**ACTIVITY**. A verbatim copy of the listing is what is needed, minus any pictures.

**DATA BLOCK**.
────────────────────────────────────────
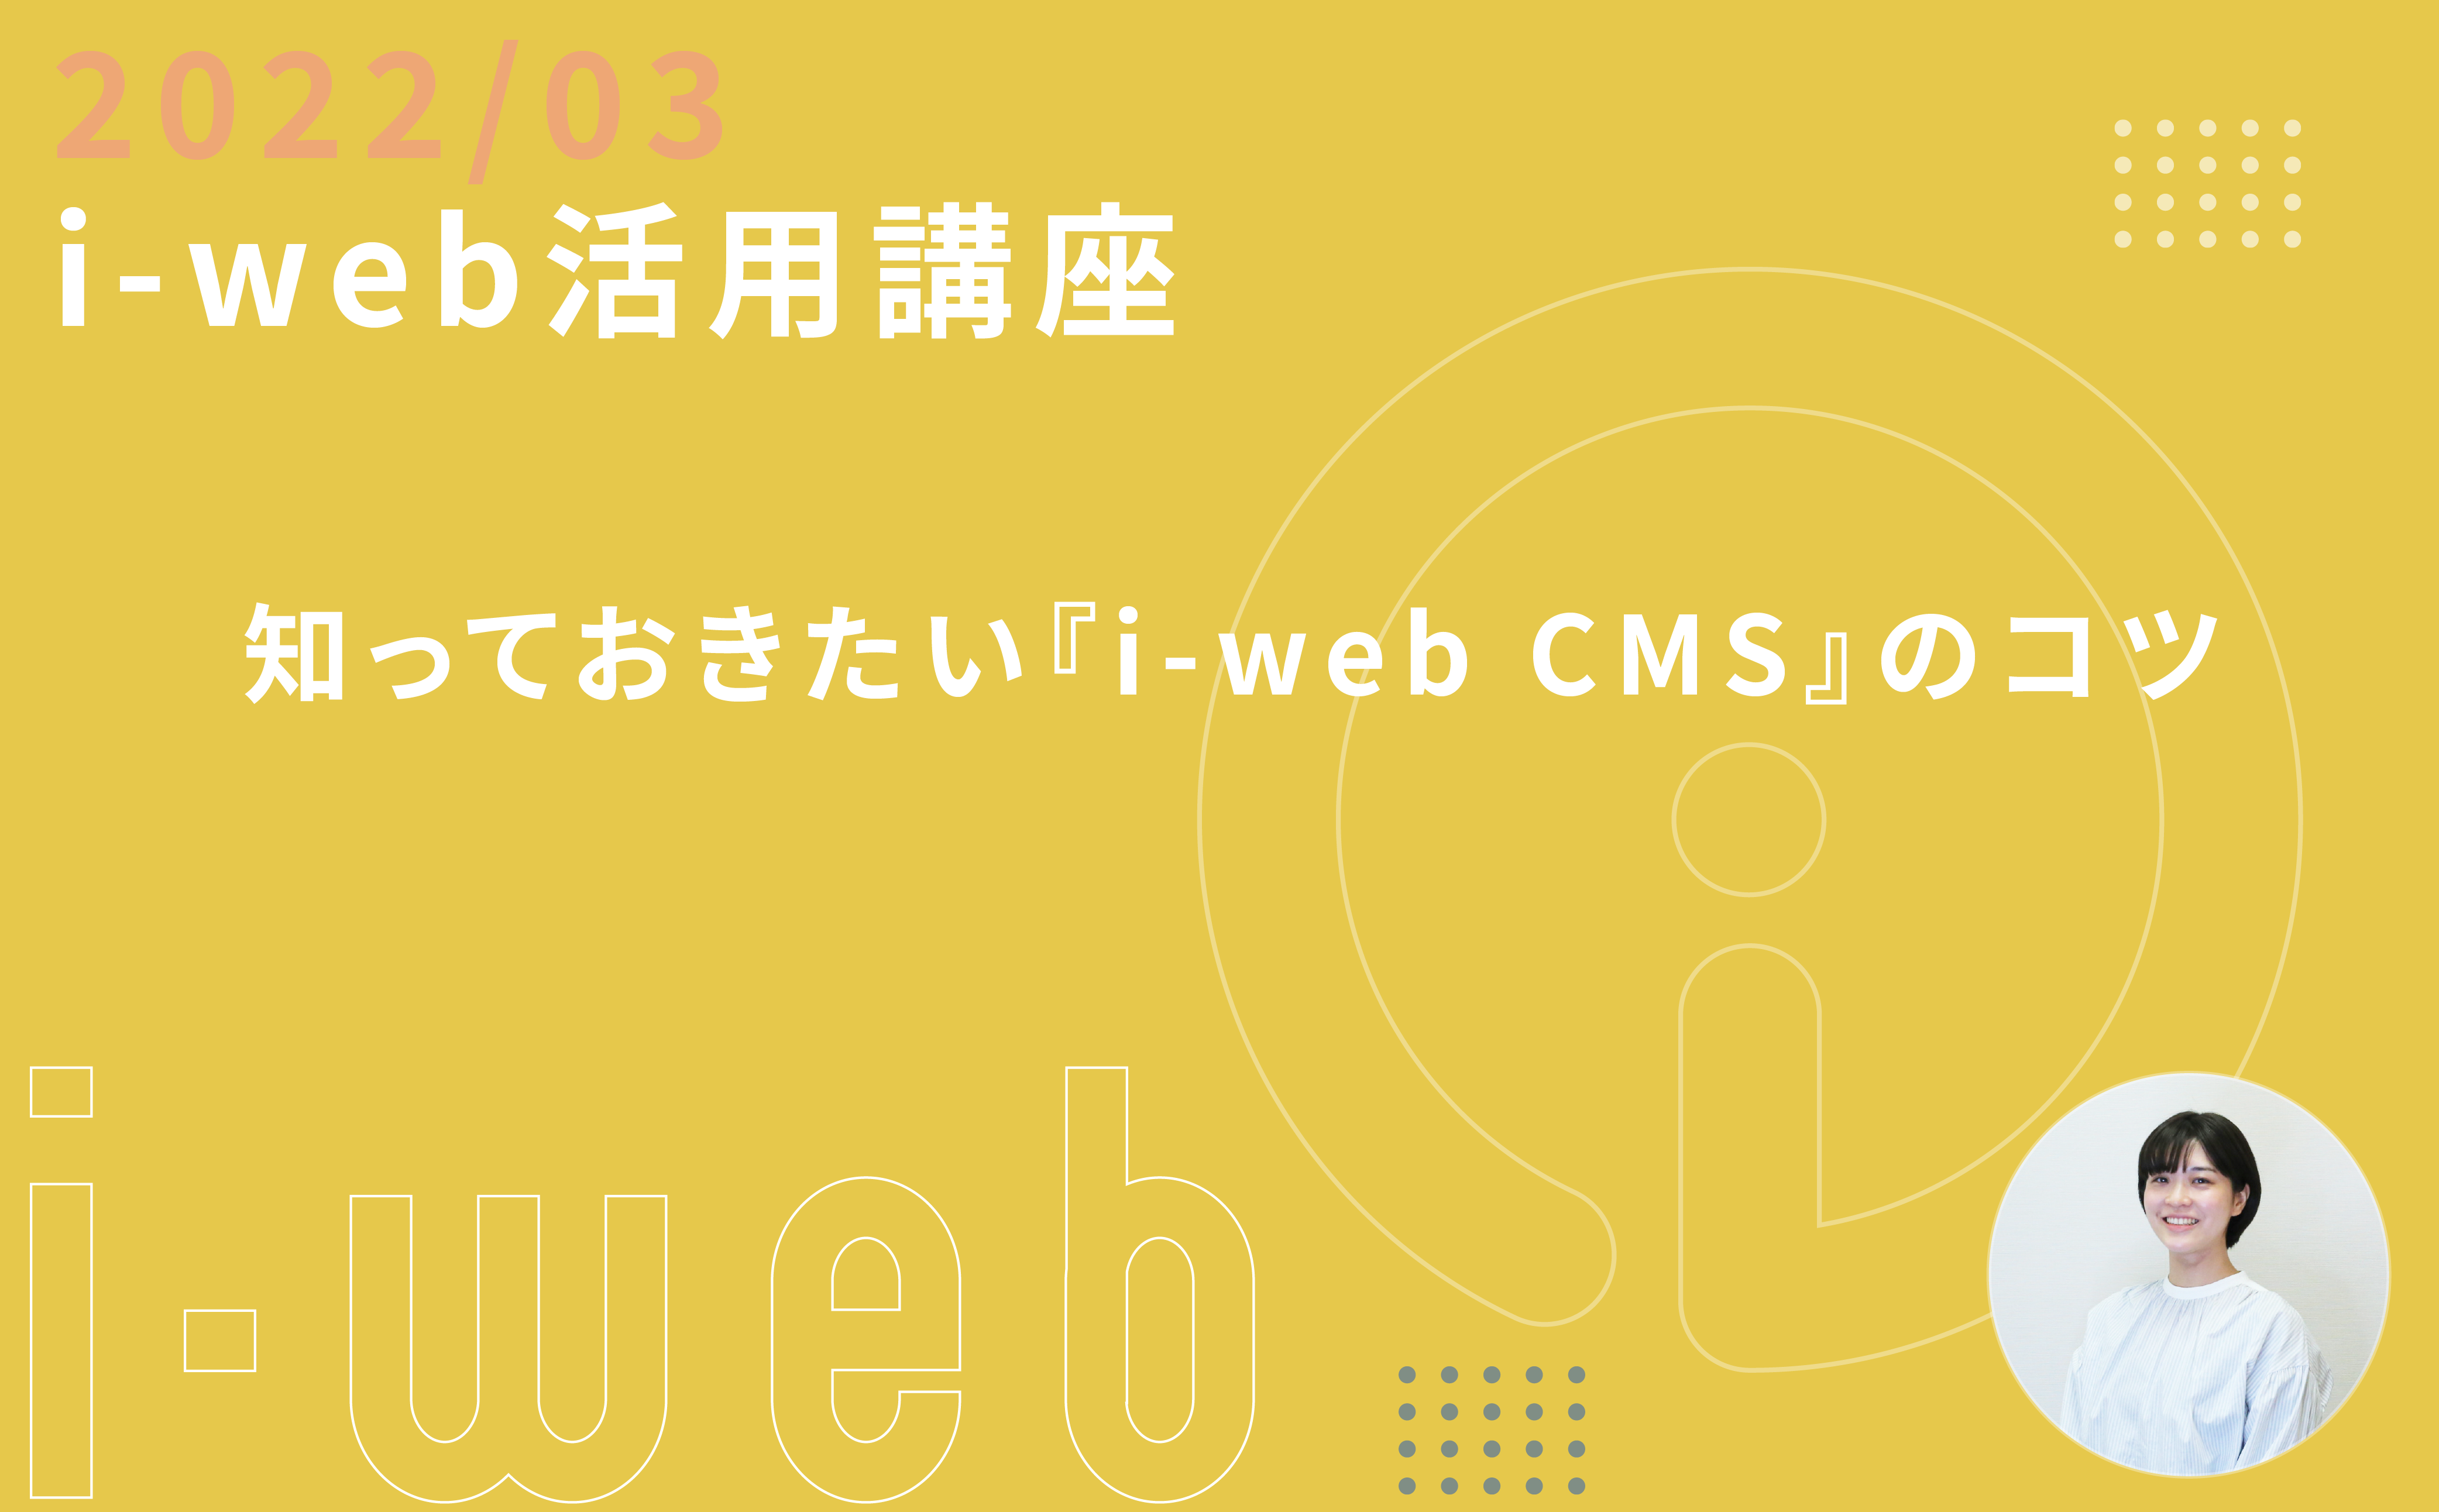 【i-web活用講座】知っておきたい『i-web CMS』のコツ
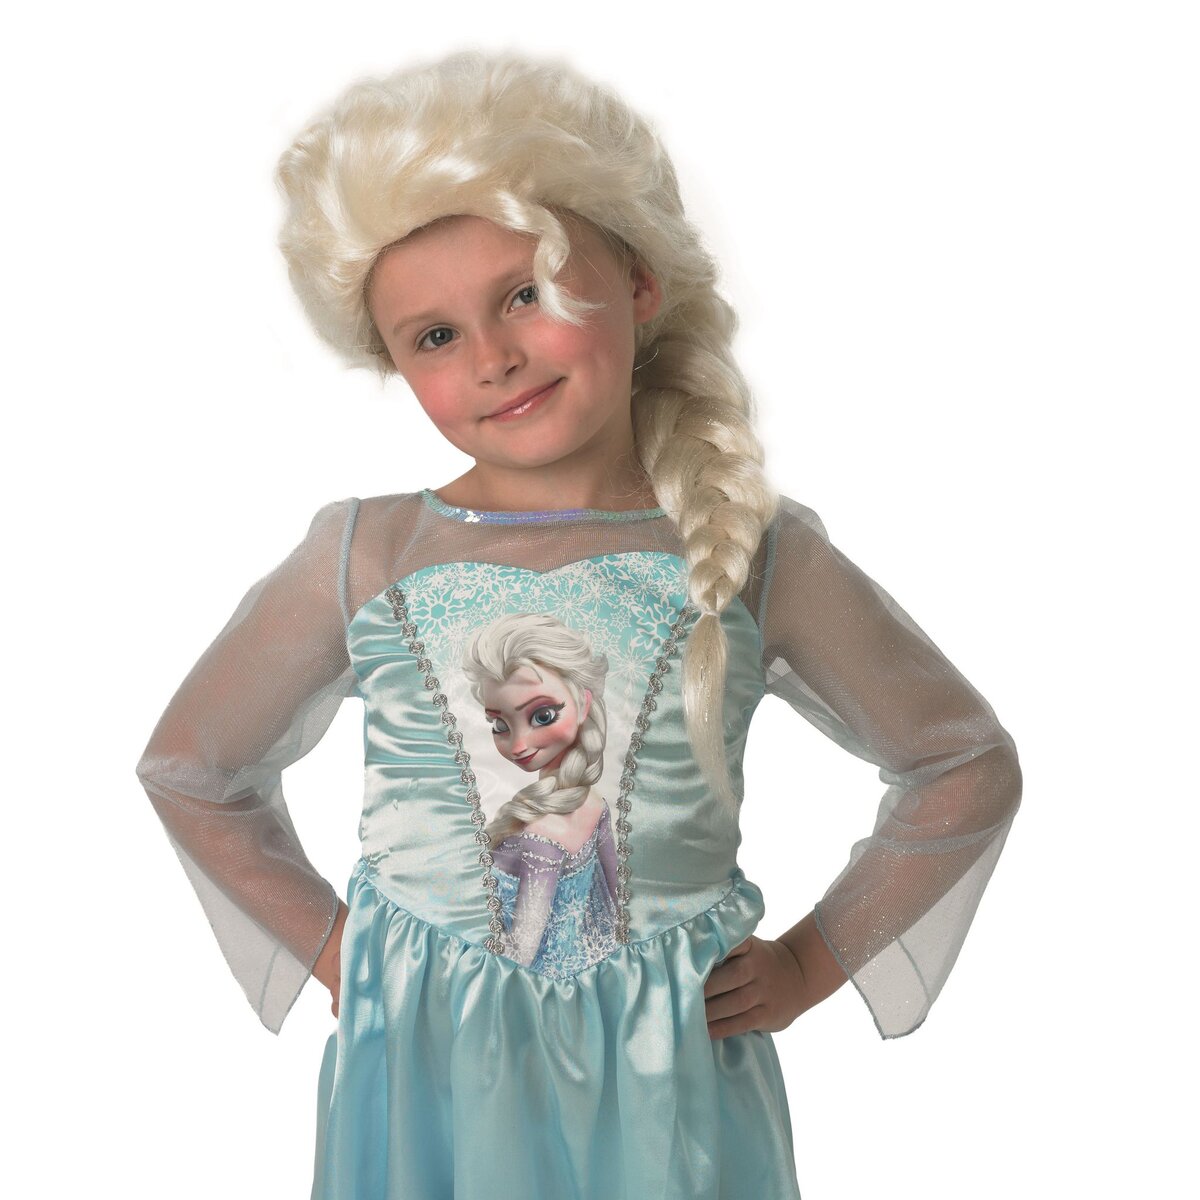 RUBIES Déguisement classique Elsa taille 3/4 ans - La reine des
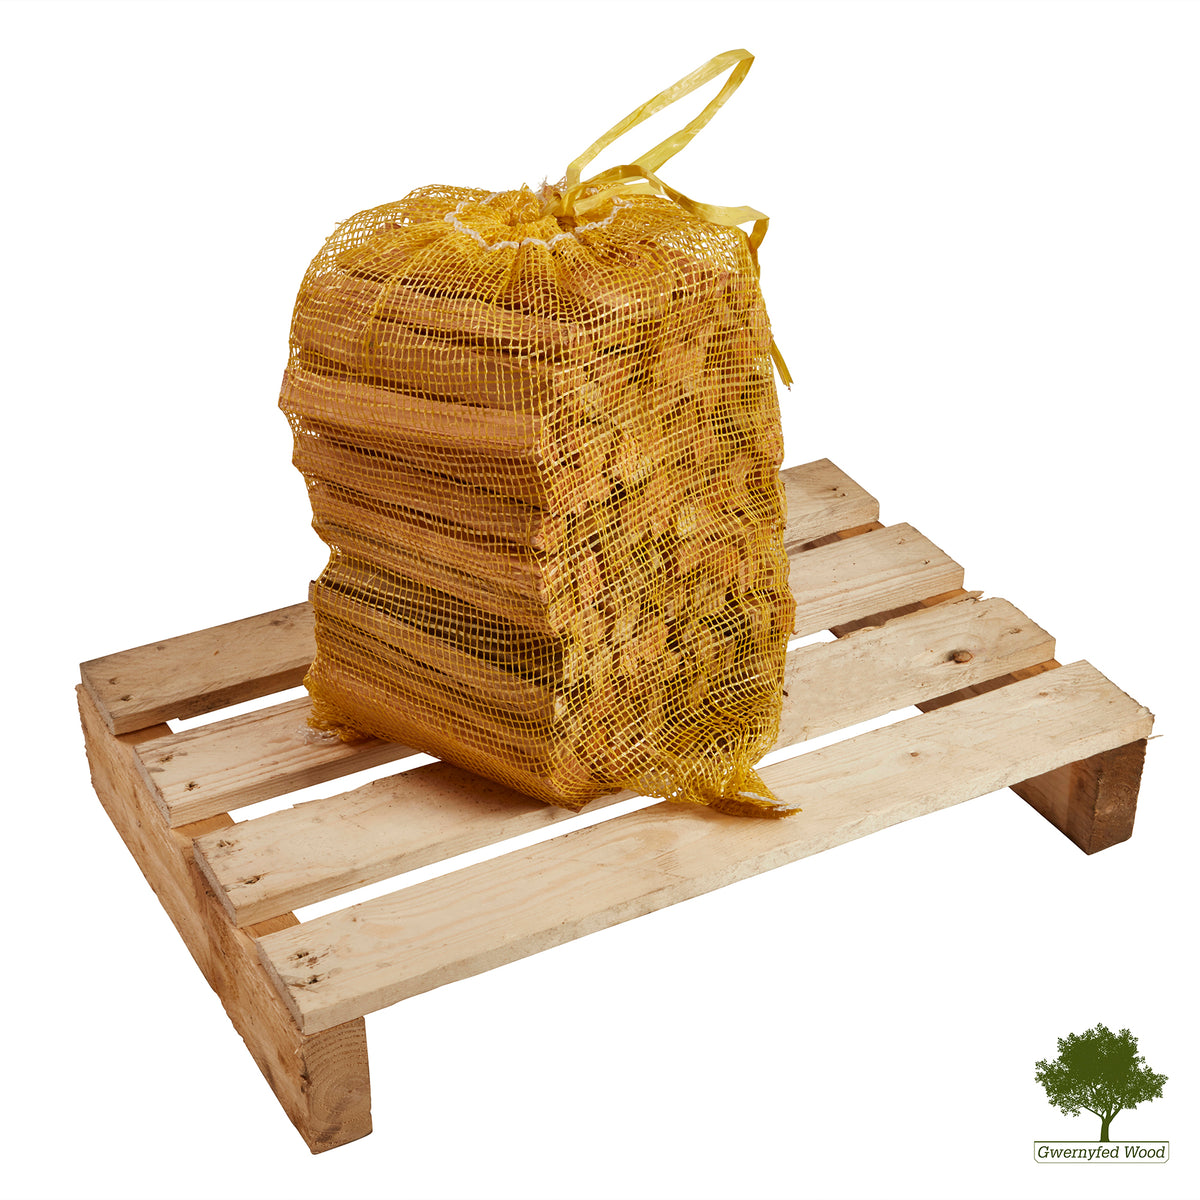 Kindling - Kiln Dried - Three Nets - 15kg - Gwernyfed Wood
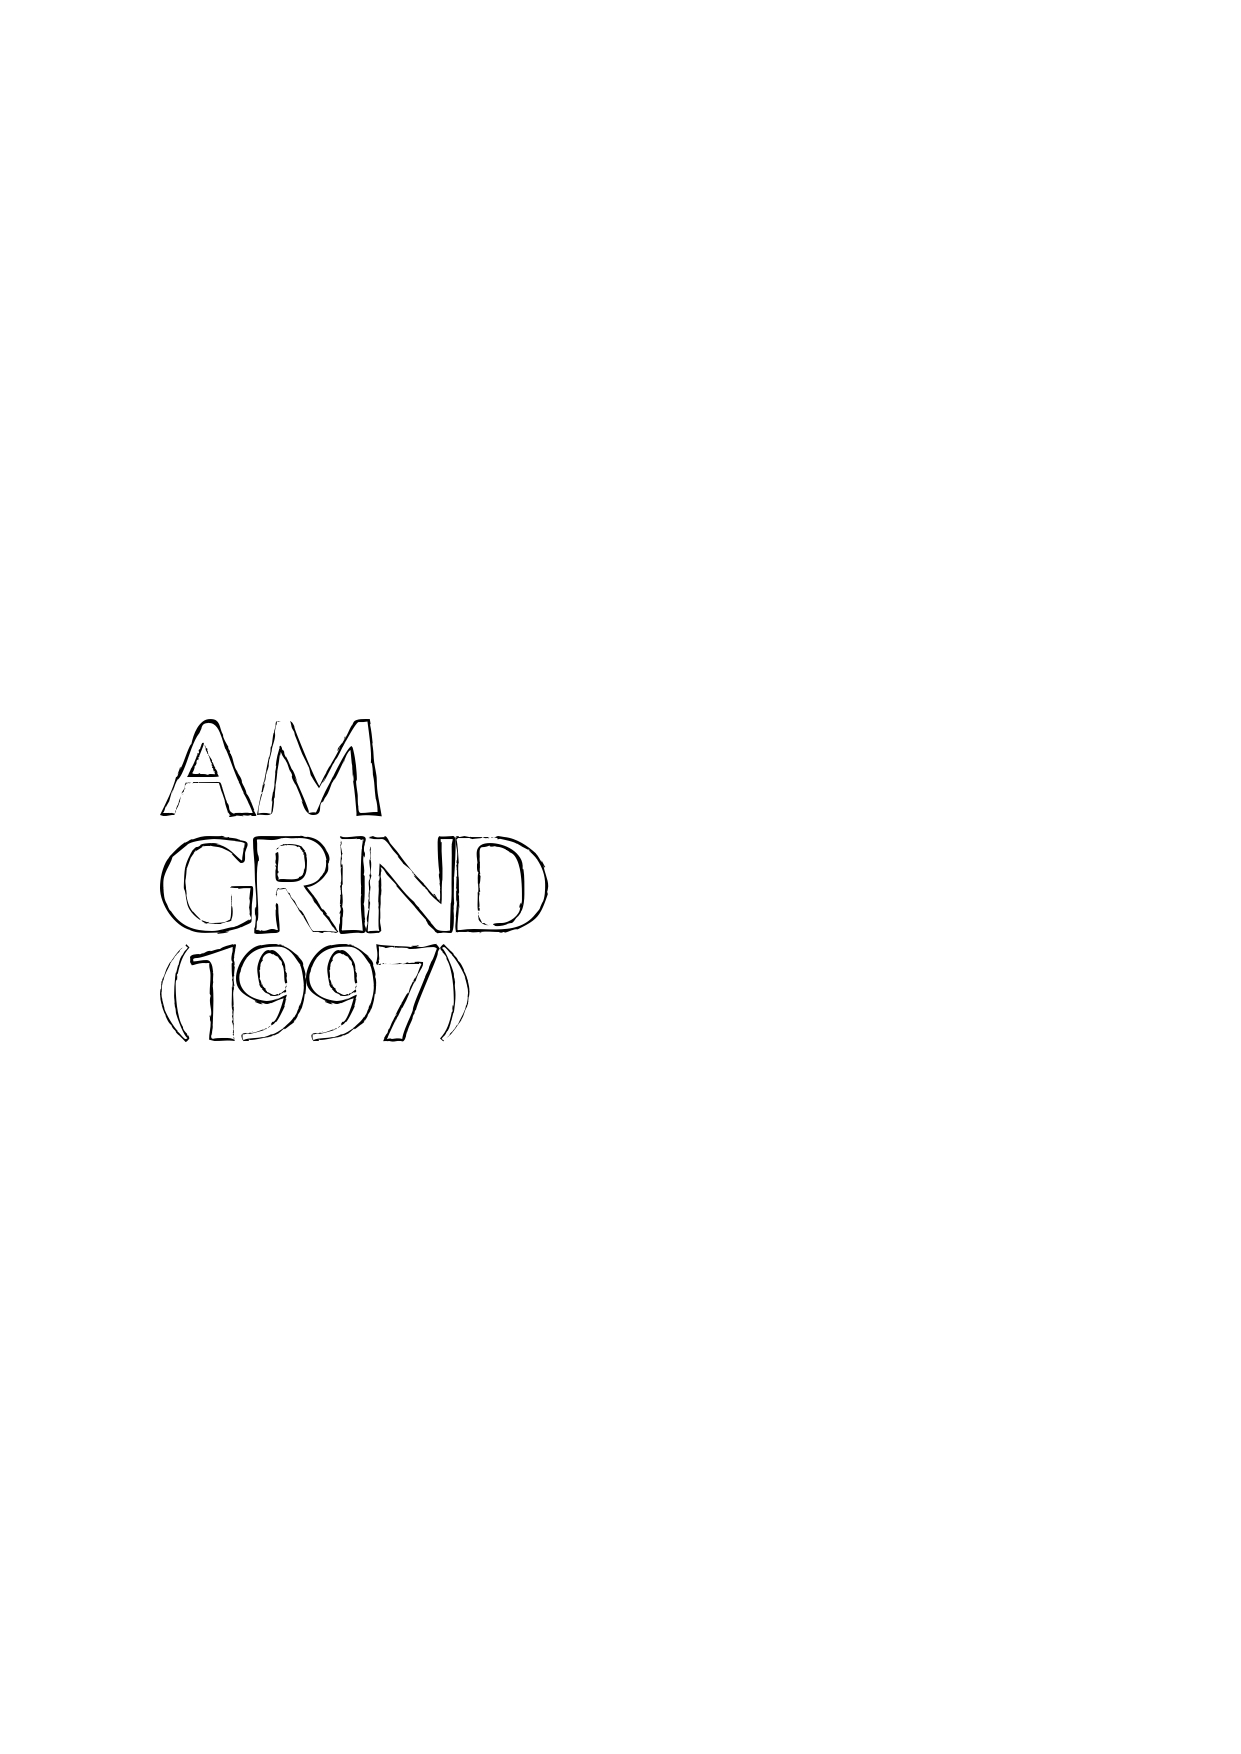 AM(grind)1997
────────────────────────────────────────
**RESULT FOR THIS TASK**.
 【i-web活用講座】知っておきたい『i-web CMS』のコツ
 RUBIES Déguisement classique Elsa taille 3/4 ans - La reine des
 Kindling - Kiln Dried - Three Nets - 15kg - Gwernyfed Wood
 AM(grind)1997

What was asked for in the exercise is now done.